TASK TO CARRY OUT: Your reply should reproduce all the data below exactly while excluding the pictures.

** Opening PROVIDED MATERIAL block **

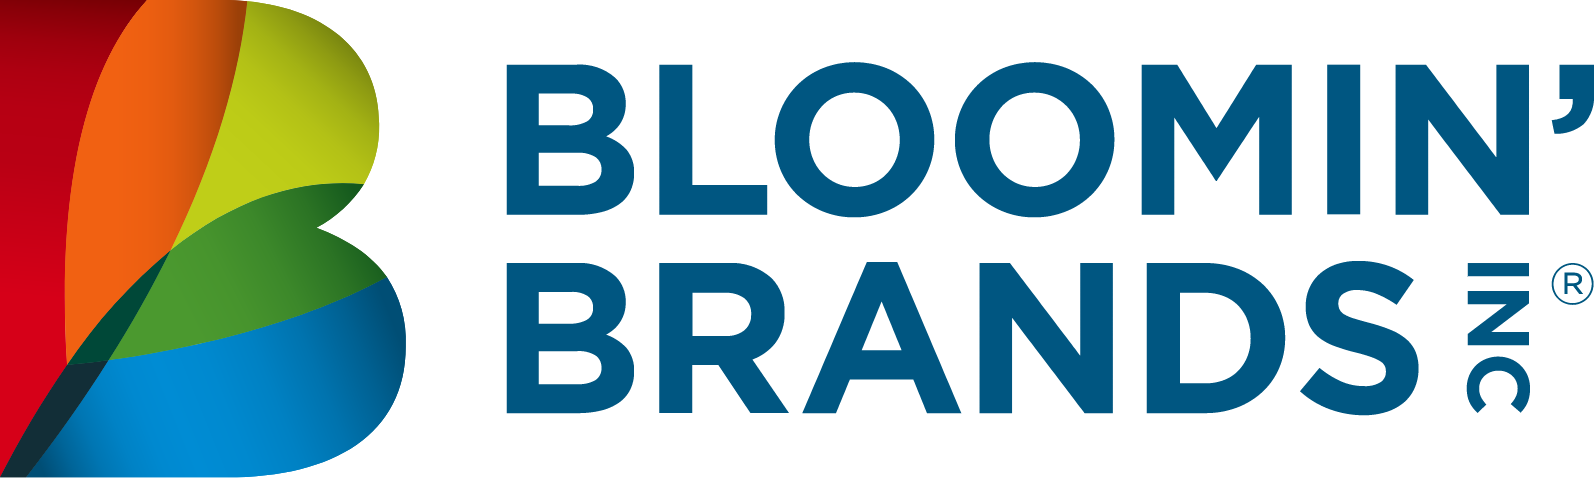 Bloomin' Brands logo large (transparent PNG)
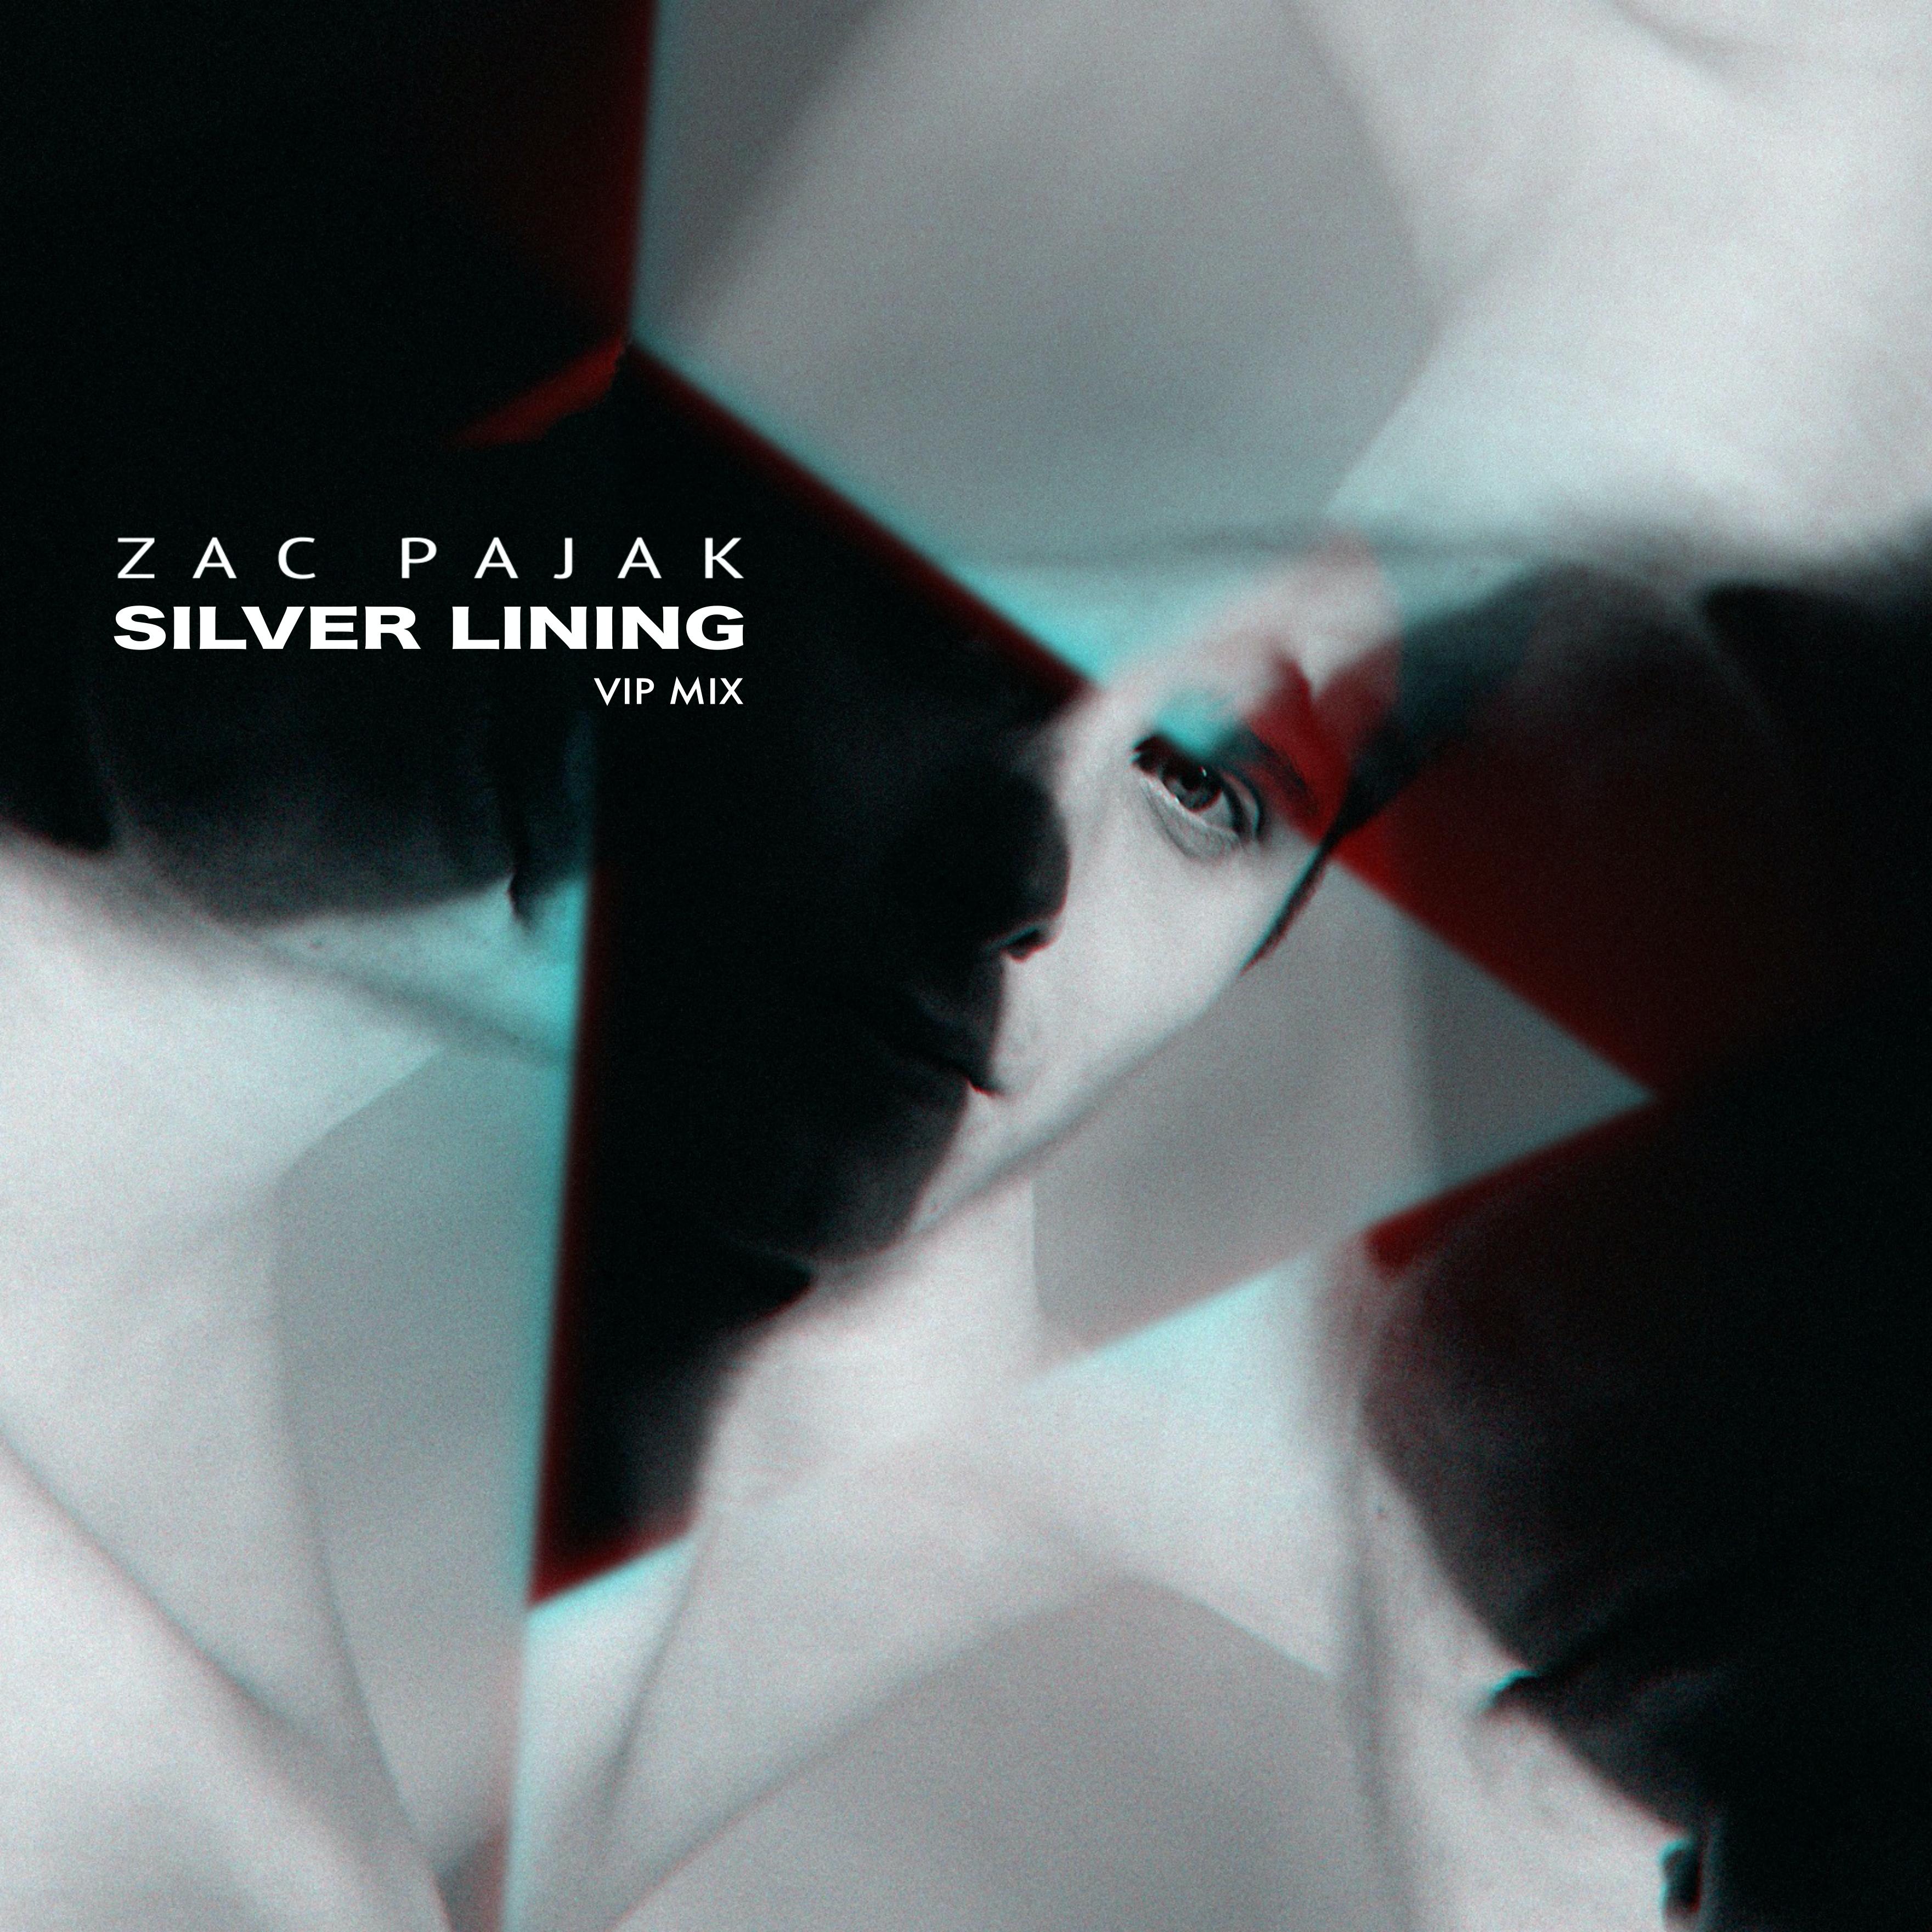 Zac Pajak - Silver Lining
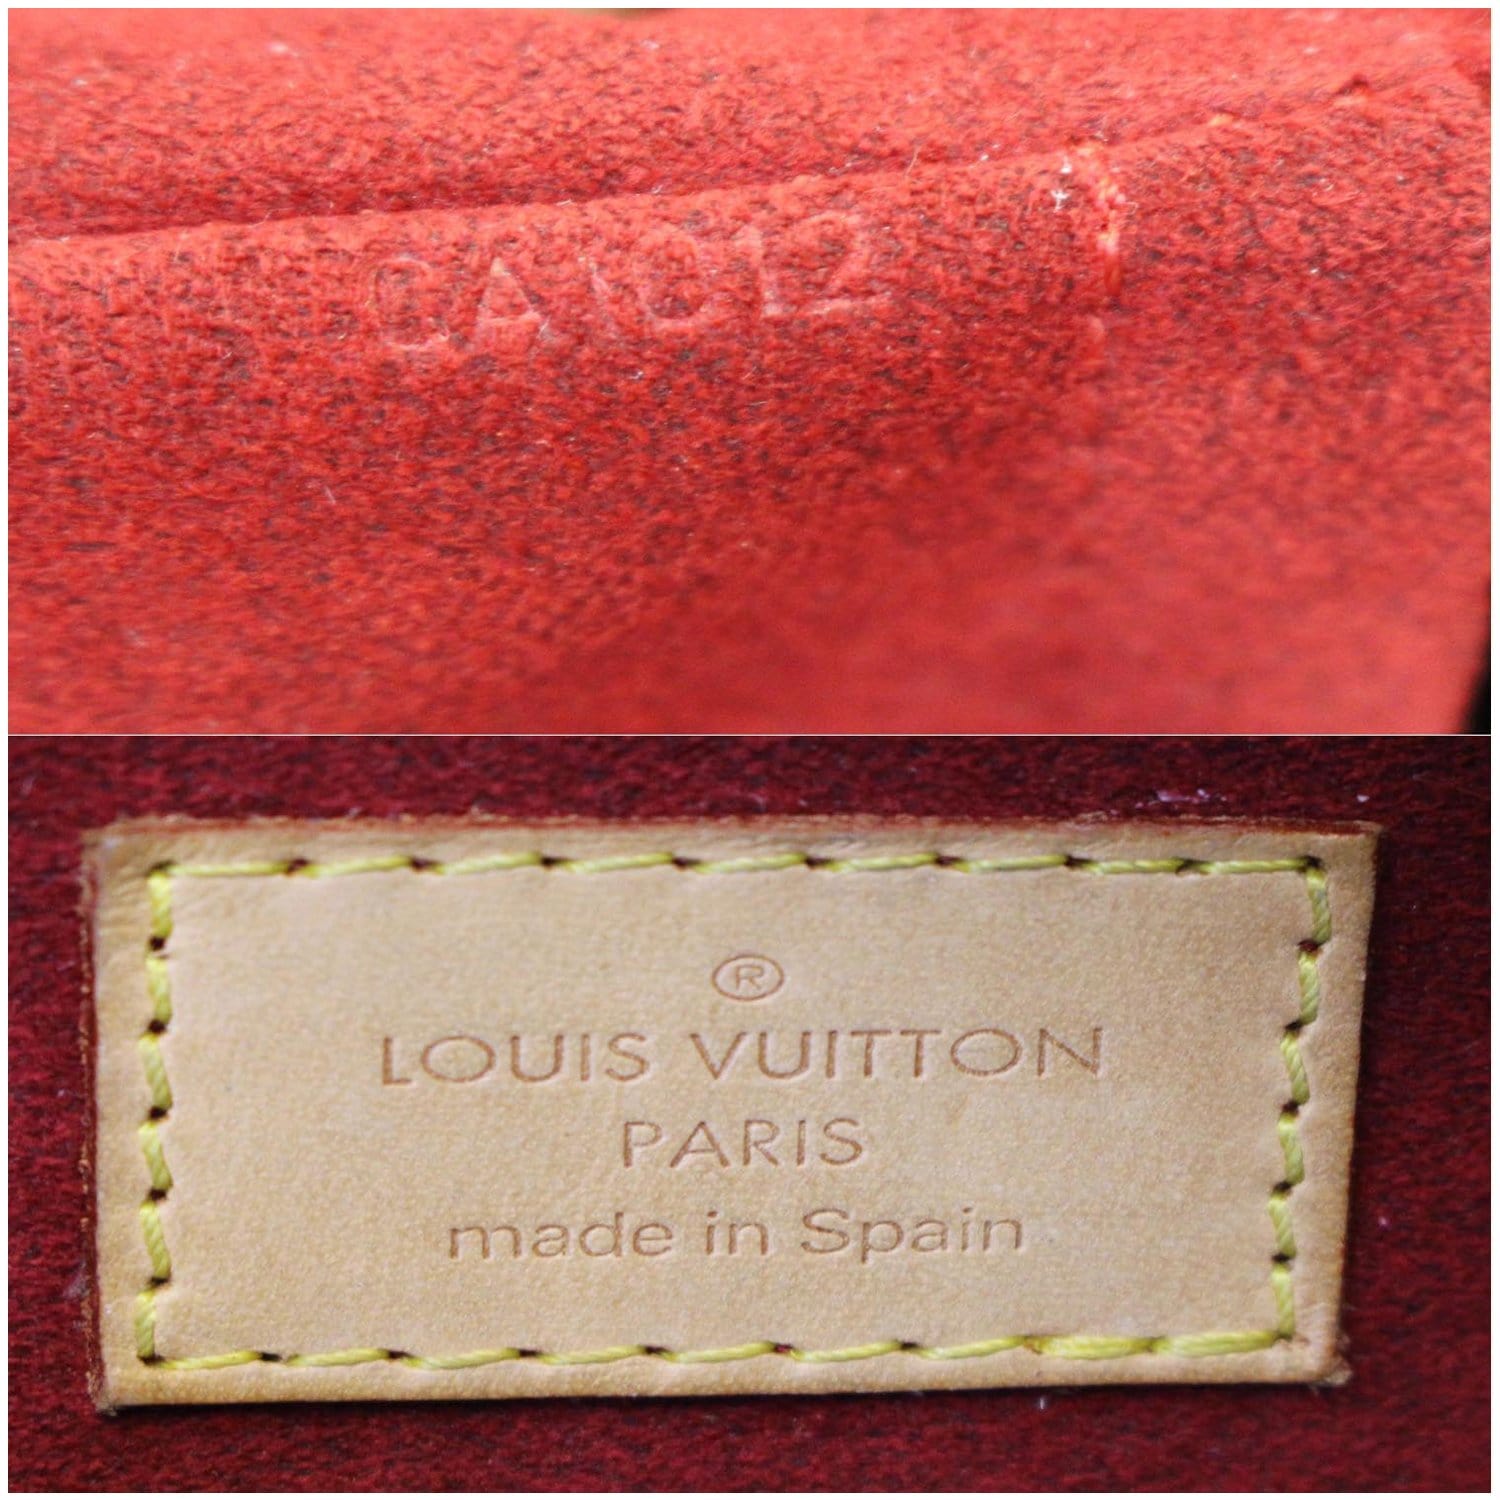 Authenticated used Louis Vuitton Louis Vuitton Croissant GM Monogram Shoulder Bag Brown Ladies, Adult Unisex, Size: (HxWxD): 32cm x 37cm x 4cm / 12.59

** Closing PROVIDED MATERIAL block **

YOUR RESPONSE:
 Bloomin' Brands logo large (transparent PNG)
 Zac Pajak - Silver Lining
 Authenticated used Louis Vuitton Louis Vuitton Croissant GM Monogram Shoulder Bag Brown Ladies, Adult Unisex, Size: (HxWxD): 32cm x 37cm x 4cm / 12.59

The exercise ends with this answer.